烧起大土锅,爷爷指挥着我火大火小、往左往右,一个个直径十几厘米长的面饼,散发着诱人的麦香,出炉了。
我揣了两个在怀里,拿塑料杯子装了一壶水,二话不说骑着自行车出了门去。爷爷在后面叫了我几声,我假装没听到,风也似的走了。
四年了,该死的土路还是没有一点变化。凹凸不平,到处都是石头,骑了一段硌的我的屁股生疼。
我按照四年前的路径,重新登上了西山。西山还是那个样子,只不过山上的松树少了不少,山脚有一面已经被人完成了秃山,不知道是为了挖些宝藏出来,还是只单纯地为了挖土。
挖土,是近几年村里忽然流行的活计。县里要搞新农村建设,就要铺路,挖沟,做渠,样样都得挖土。
村子前面的城隍爷雕像被挪到了南湖的深井里;
村北本来有的一条沙沟渠,每逢夏季会有清澈的会流向东方,现在被挖得更大更宽了,结果长年干涸。
老人们说,村子的风水已经被破坏了,村子再也不可能兴盛起来了。
风水好不好,我不知道,我也不懂,但是我却知道,自我之后,村子里已经整整七年再没有出过任何一位大学生了。
我站在西山顶,举目眺望着山脚下的棠花村,盼望能够看得到某一个大大的额头,短翘的小辫,结果却是什么都看不到。
比起几年前,棠花村里的人,好像更加好了。我自己的村子又何尝不是如此呢?
青壮年几乎都出去打工了,田地大片大片地被荒废,农村再也不像是农村了,农村人也不再像是农村人了。
我曾经深以为了解的邻居们,也忽然戴上了我从未见过的面具,竟让我避之而不及。
柳——梦!我站在山顶大声呼喊,我会忘了你的!!
山风呼啸而过,将我的声音传到了遥远的未来。
第12章 照片里的小三
秃老五终于还是死掉了。
听到这个消息的时候,我正好在家里过十一长假。我问爷爷,好端端地怎么忽然说死就死了呢?
爷爷头都不抬一下,轻轻地说了一句:尿毒症,早就该死了。
我十分理解爷爷为何会对曾经的徒弟如此愤恨,村子里绝大多数人都是这样,近几年到处都是一副副盼着秃老五尽快死掉的样子。
秃老五,本姓是什么,我至今也不知道。只是因为头发掉光了,再加上自己说排行老五,村人就称之为秃老五了。
秃老五大概三十多年前忽然从外乡来到这里,说是家里遭了贼人,待不下去了,要在这里过日子。
但他的身后,是一个神志不清的女人,疯疯癫癫,听得到声音却讲不出话来,偶尔的咿咿呀呀,谁也不知道是什么意思。
爷爷说,那是秃老五自己从山区拐来的女人,为了怕警察找上门来,特地离开了家,不知道走了多远来到了我们村里。
三十多年前,村里做户籍登记,秃老五给了村长一些钱,忽然就变成了我们村里的本土居民了。

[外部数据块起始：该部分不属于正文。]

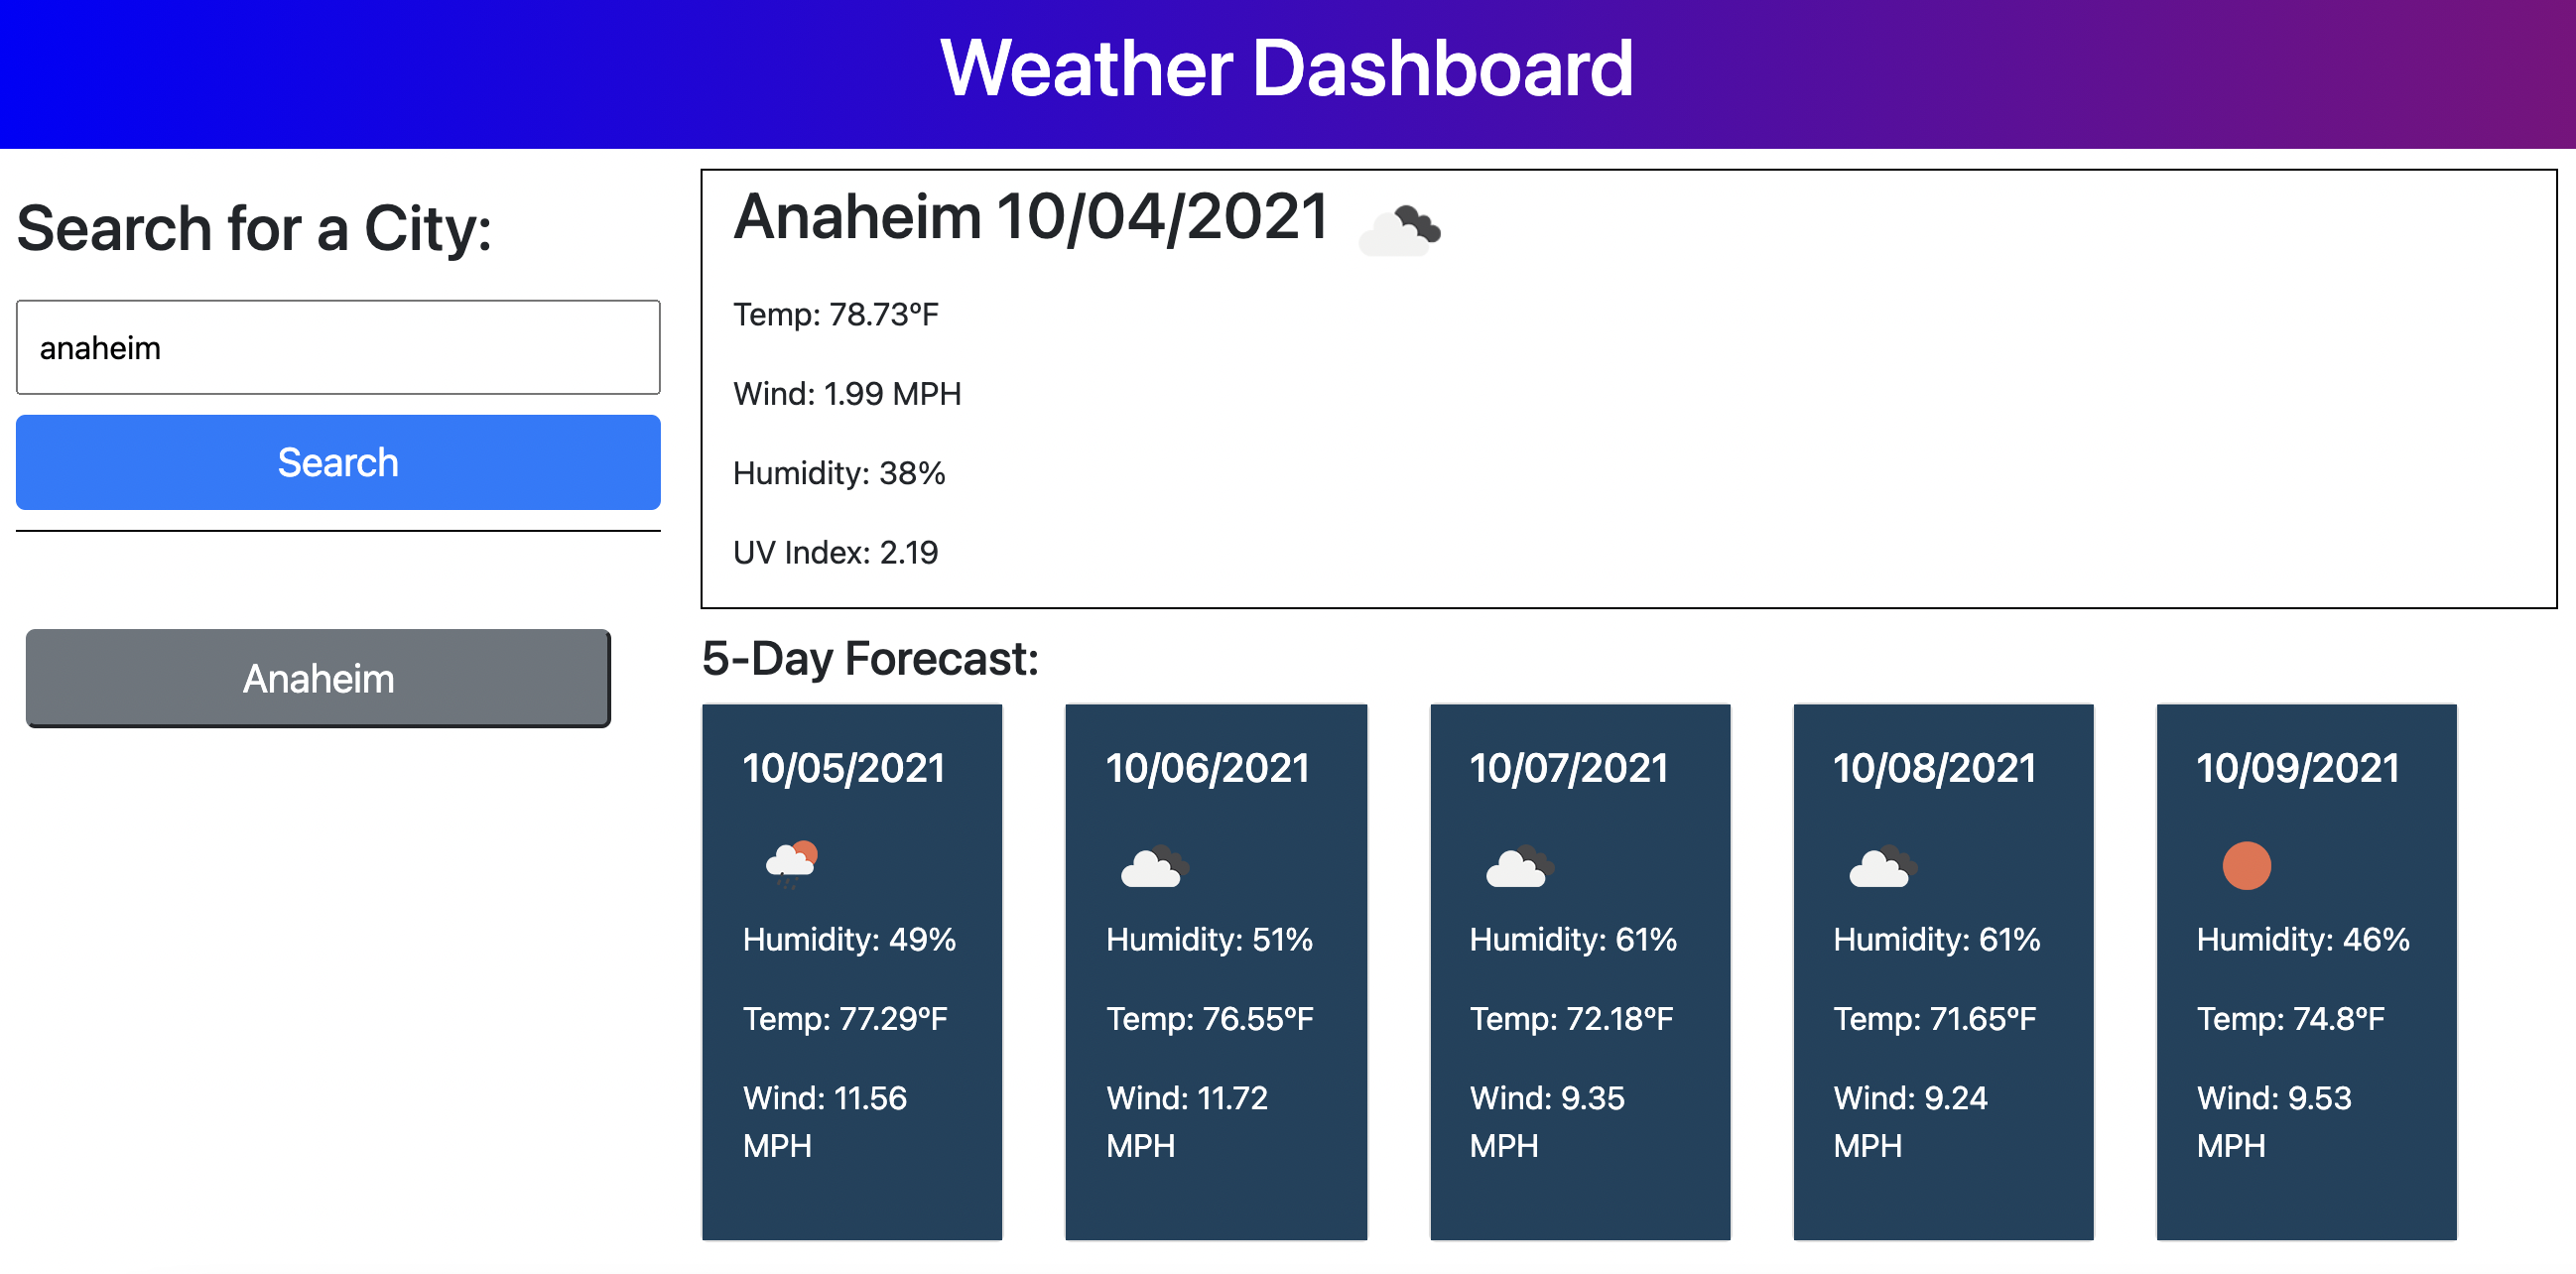 Website with weather information for Anaheim and a button labeled "Anaheim" has appeared on the side
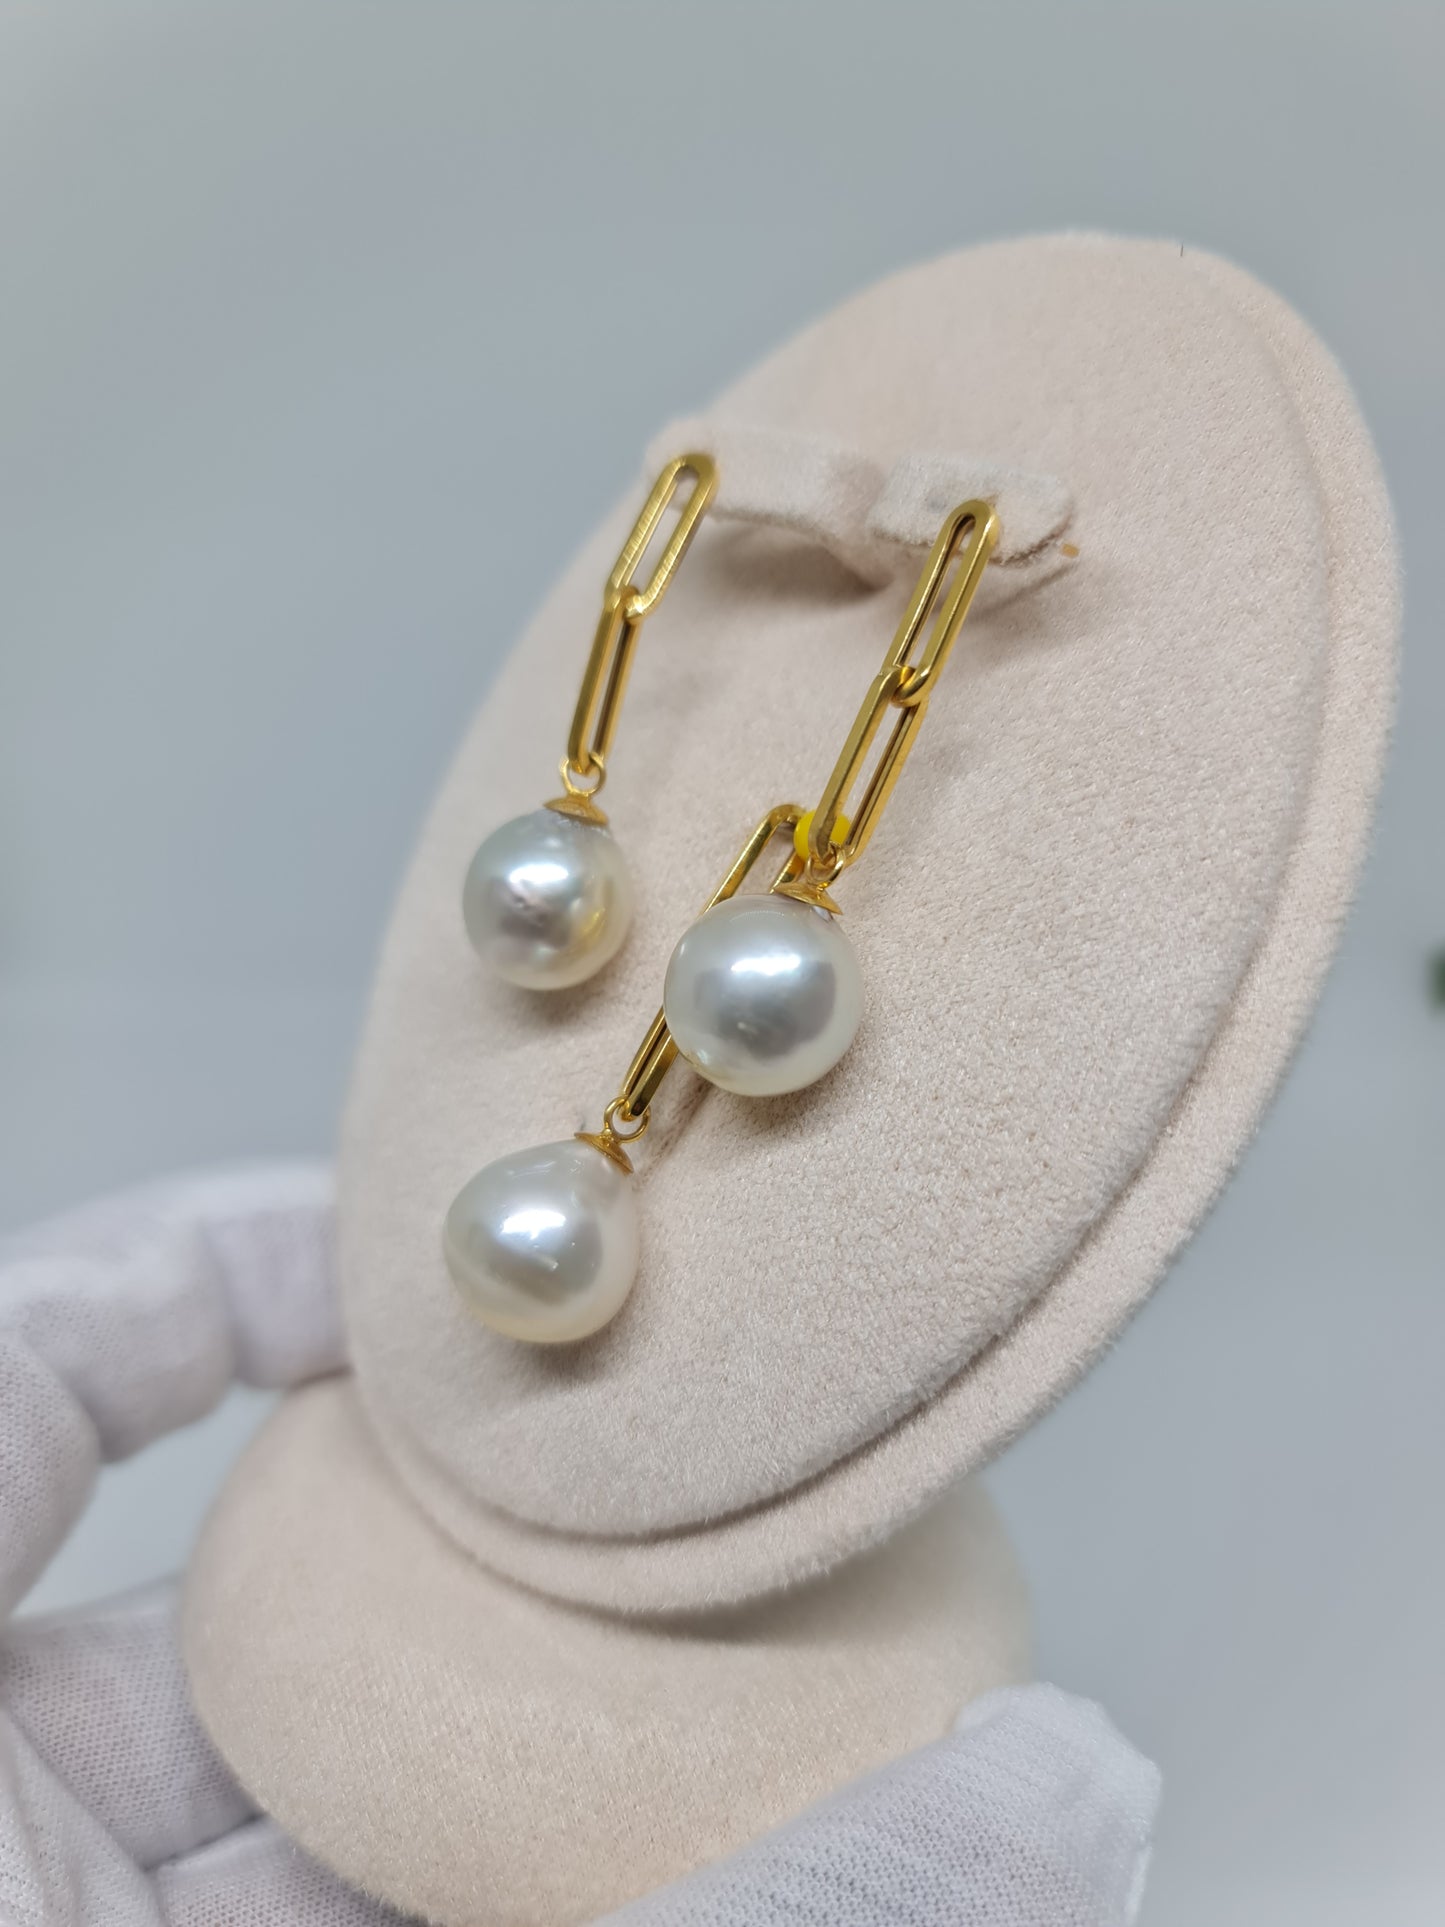 12.5mm to 13mm Classic White South Sea Pearls Set in 14K Gold

上报到公社,还给他批了一亩六分的责任田。这下就彻底成为了村里的正式成员。
令人意想不到的是,秃老五不仅会种地,还会做菜,而且还做得一手好菜。
村里有人家里要做酒席,便会去找秃老五;
秃老五不识数,也不认字,不知道该怎么操办,听人说我爷爷以前是做这个的,便跑去求我爷爷。
于是,在每一次有人找秃老五做酒席的时候,秃老五都会把我爷爷带去。
爷爷要负责根据主家准备摆多少桌酒席、每一桌酒席要多大的开销,来制定买些什么菜、每样菜需要买多少,大概就是行政总厨一样的角色。
秃老五呢,就自己切菜、洗菜、炒菜,常常一个通宵不睡觉。
爷爷看他一个人忙里忙外,不忍心,便会去帮他做切配,做分碗,甚至做一些所谓的大件菜,比如炸八大碗。
秃老五独独不会这个。主家要求一定要用八大碗时候,就只有爷爷出场了。
这样的好处是,秃老五每次都会送给爷爷两包香烟,爷爷习惯了吃旱烟袋,香烟每次都拿到村里的小店换成了盐或者酱油。
两个人渐渐有了名声,主家在找人做菜,干脆就直接来找爷爷了。
毕竟,秃老五有一个很不好的毛病,太邋遢,又爱喝酒,每次喝完酒了脾气就特别不好。
比如自己的疯女人一直不能怀孕,就每天夜里打她,直到爷爷听到了哭声跑去制止。
村里人就说,秃老五谁也不怕,只怕我爷爷。大约他必须得靠着我爷爷,才能继续他的谋生手段,否则一亩地的庄稼,根本养不活他们俩口子。
秃老五便向村里人说,爷爷是他的师父,哪有徒弟不听师父话的?孙悟空那么大本事,不还是得听唐僧的话?
爷爷年岁越来越大,手脚越发不灵活了,终于再也没有办法帮着秃老五去料理酒席上的事情了。秃老五的家境忽然就落寞起来,脾气也开始格外臭了。
逐渐地,村里人就发现,秃老五会到别人家的田里去偷庄稼,甚至到别人家里去顺拐一些吃食,有时候还会跟小孩子抢东西吃。时间久了,谁劝也不听,村里人就渐渐开始讨厌他。
在我读小学的时候,秃老五的疯女人忽然间就大了肚子。一年后,秃老五用平板车把女人拉到村口的卫生院,他终于有了儿子。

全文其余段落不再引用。